The congestion challenge
Congestion is one of the greatest challenges facing towns and cities across the world. There is huge pressure on highway authorities to improve the reliability of their road networks, incentivise active transportation and improve air quality.
Traditional signalling technology is unable to efficiently process the reality of today’s mobility landscape and the sheer volume of road users on the network. Councils are constrained by existing junction layouts that were not built for the level of population, and building more roads and imposing traffic bans is unsustainable.
Harnessing AI to tackle congestion
To reduce congestion, effective Urban Traffic Control (UTC) is vital, and data here is key. Our AI-powered sensors gather accurate, detailed and anonymous mobility data 24/7 on transport modes, traffic flow and travel patterns.
Smart Signal Control: AI for Detection
Smart Signal Control: AI for Detection is a Viva signalling solution.

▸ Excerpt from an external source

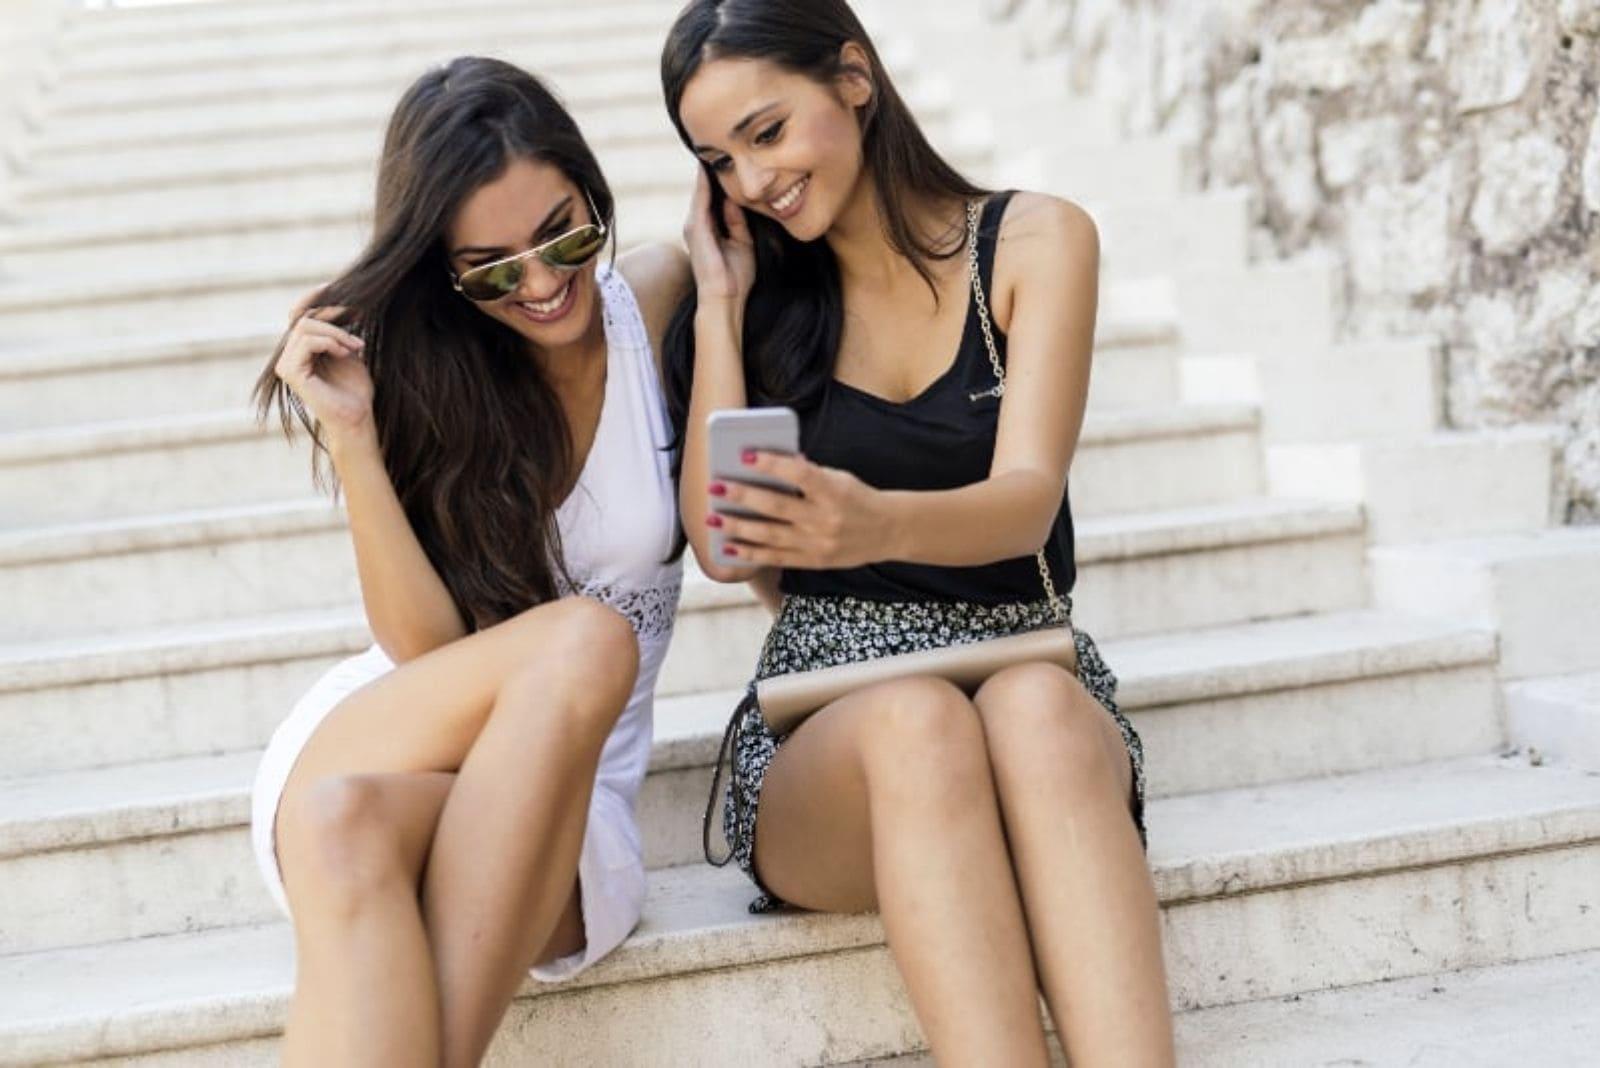 two friends taking a selfie

AI for Detection is the integration of our powerful AI sensors with existing UTC systems.
Integration is achieved in one of two ways:
- Direct local integration: live data is fed into the controller at the junction for onsite decisions
- Real-time data streaming: data is fed to the installation of a UTC system for data analysis
The result is highly accurate sensor data that informs signalling stages for optimized network performance.
Why choose Smart Signal Control over traditional detection methods?
Our AI sensors provide much more comprehensive datasets than traditional detection technologies. As well as a broader range of datasets, including Path data, Speed, Journey Times and Turning Counts, Viva junction data is hyperlocalised and in real-time.
As the variety of vehicle types in the urban traffic landscape increases, access to real-time multimodal insights, and the ability to identify transport mode movement patterns and behavioral trends shifts, is more important than ever.
Unlike incumbent above and below ground detection technologies, our solution offers accurate multimodal detection of a range of road user classes, including pedestrians, cyclists and e-scooters.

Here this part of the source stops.